Section 3. Conditions to Effectiveness of This First Amendment.
This First Amendment shall not become effective until, and shall
become effective when, each and every one of the following conditions shall have
been satisfied:
(a) executed counterparts of this First Amendment, duly executed by
the Company and the holders of at least 51% of the outstanding principal
amount of the Notes, shall have been delivered to the Noteholders;
(b) the representations and warranties of the Company set forth in
(S)2 hereof are true and correct on and with respect to the date hereof;
(c) the Company shall have paid all costs and expenses incurred by
the Noteholders in connection with the consummation of the transactions
contemplated by this First Amendment, including, without limitation, the
fees and expenses of Xxxxxxx and Xxxxxx, special counsel to the
Noteholders, which are reflected in statements of such counsel rendered on
or prior to the effective date of this First Amendment; and
(d) in consideration of the agreement of the Noteholders to amend
the Note Agreement as set forth in (S)1, each Noteholder shall have
received a fee equal to 0.35% of the unpaid principal amount of the Notes
held by such Noteholder, whether or not such Noteholder shall have executed
and delivered a counterpart to this First Amendment.

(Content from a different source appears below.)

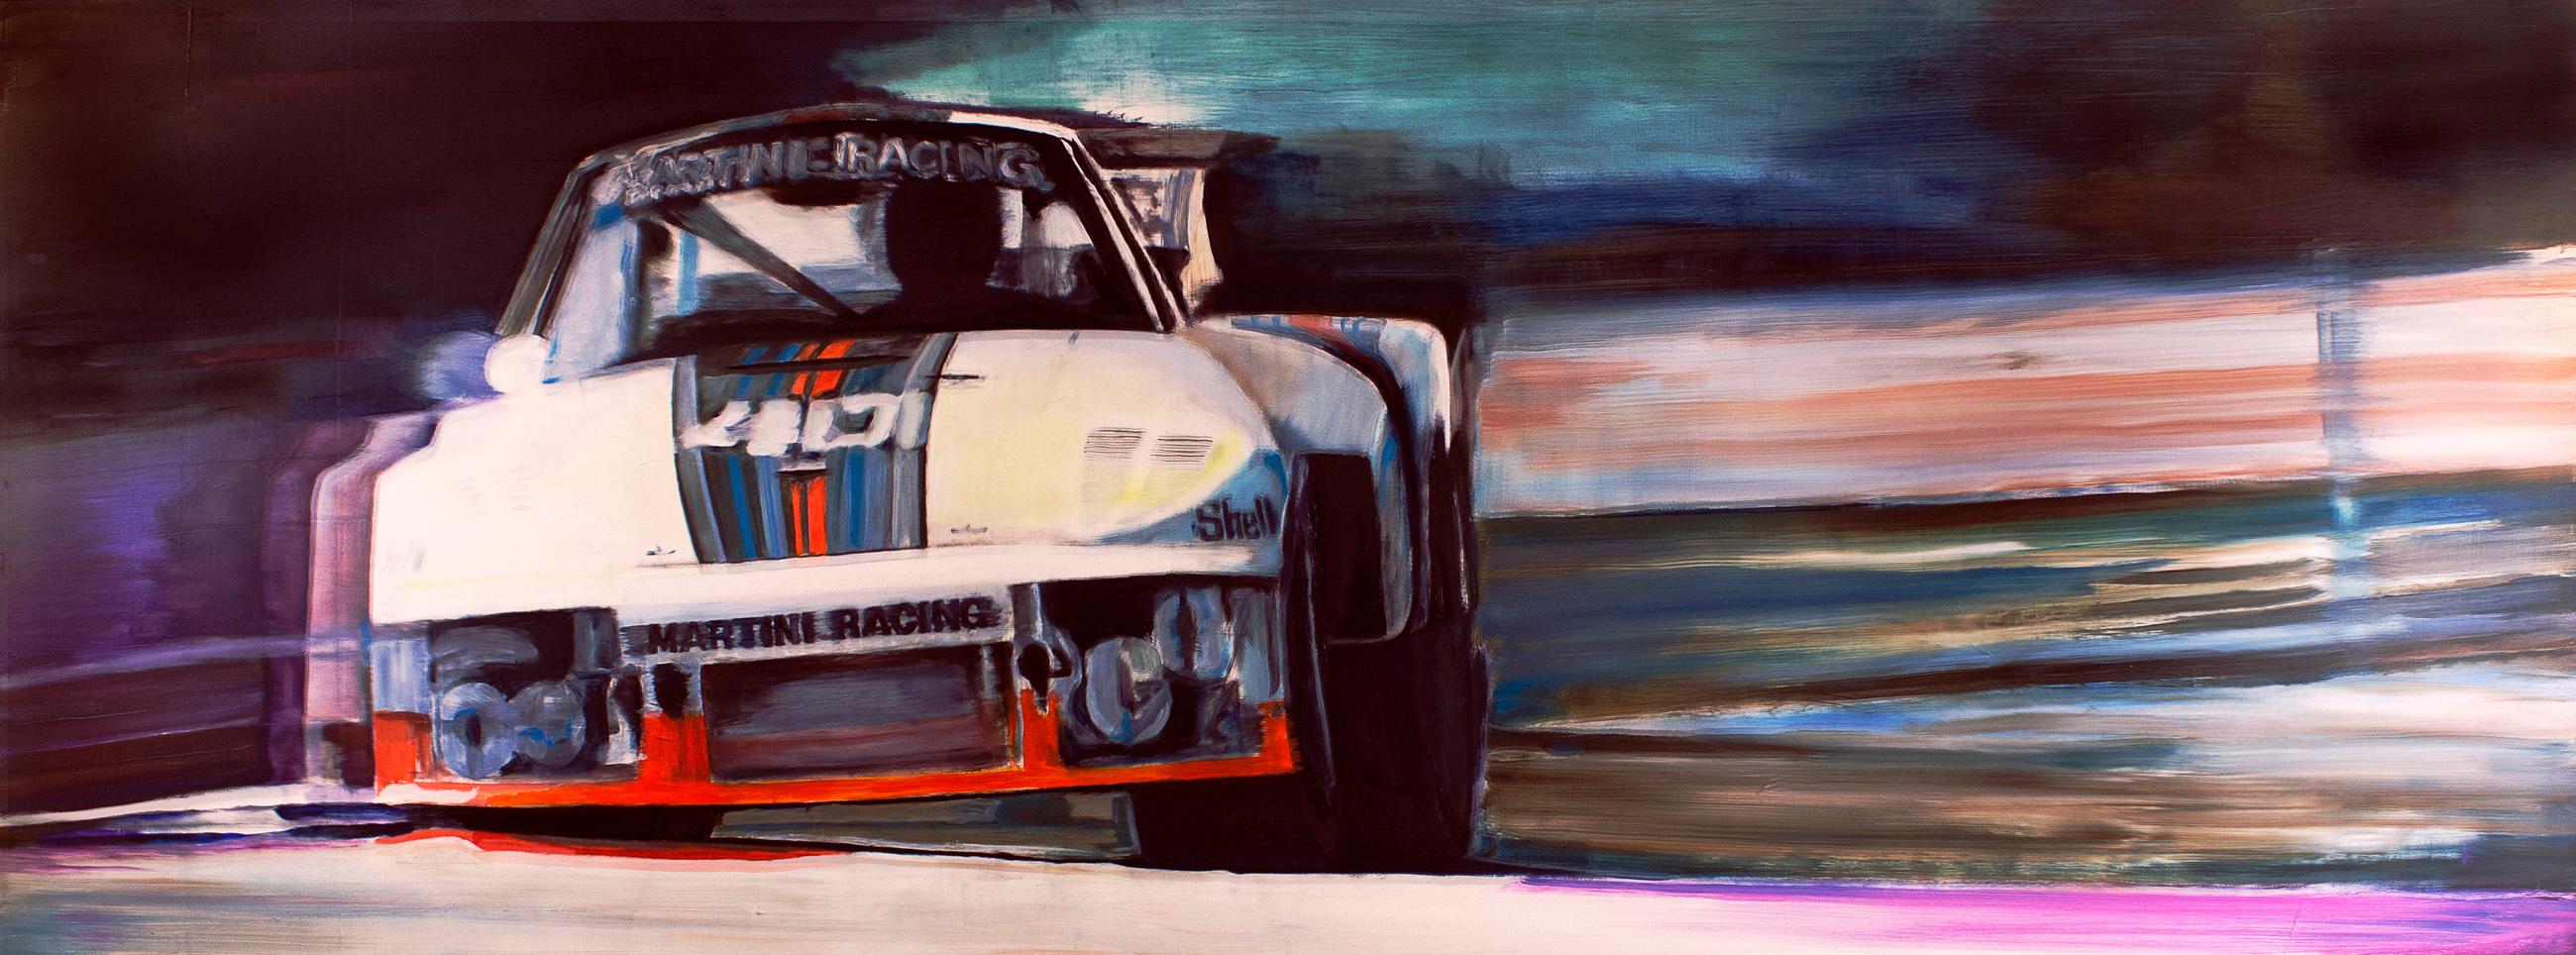 Porsche 935 web qbqi6m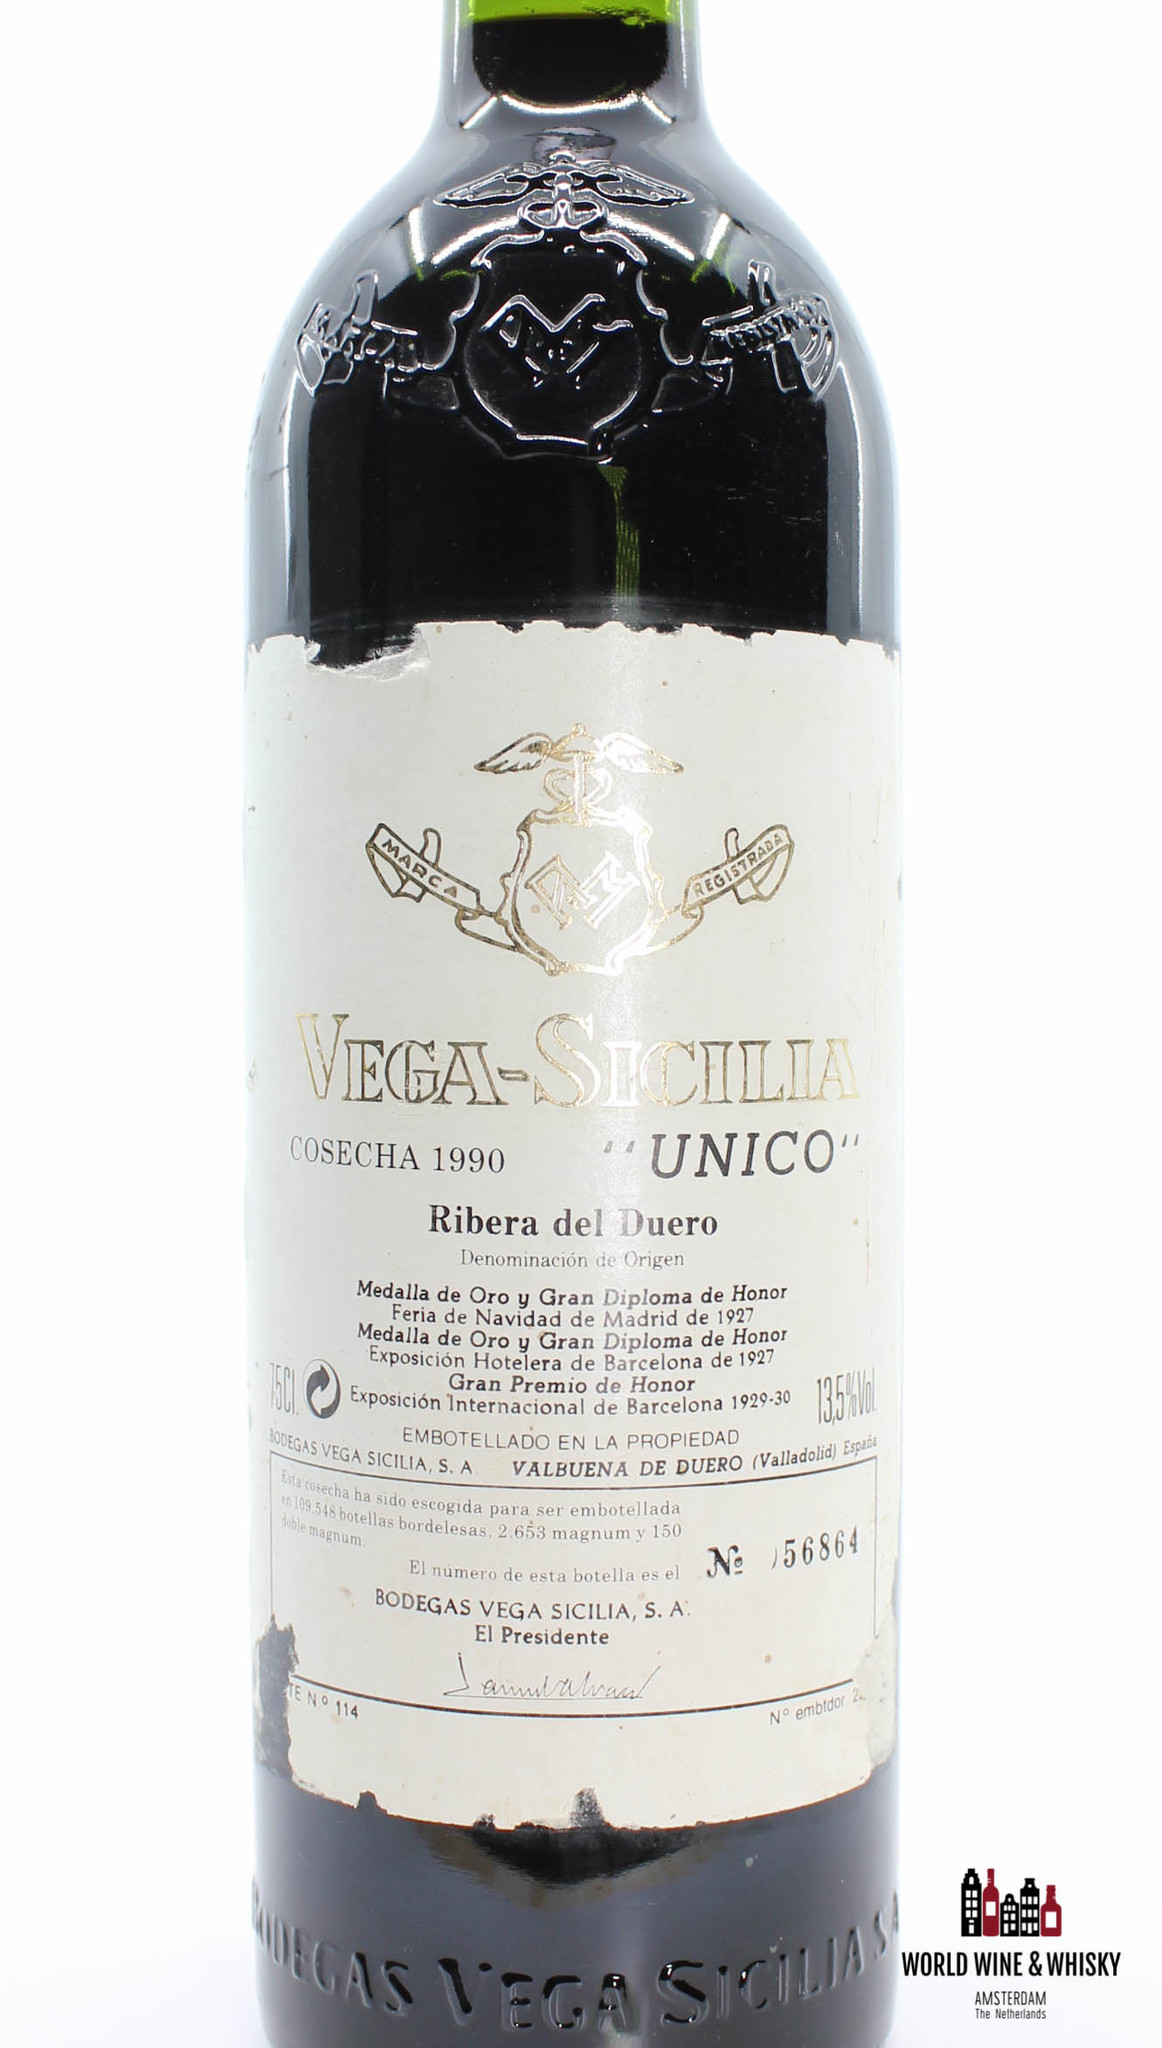 Vega-Sicilia Vega Sicilia Unico - Ribera del Duero 1990

Upon receipt of all of the foregoing, this First Amendment shall become
effective.
Section 4. Miscellaneous.
Section 4.1. Construction. This First Amendment shall be construed
in connection with and as part of the Note Agreement, and except as modified and
expressly amended by this First Amendment, all terms, conditions and covenants
contained in the Note Agreement and the Notes are hereby ratified and shall be
and remain in full force and effect.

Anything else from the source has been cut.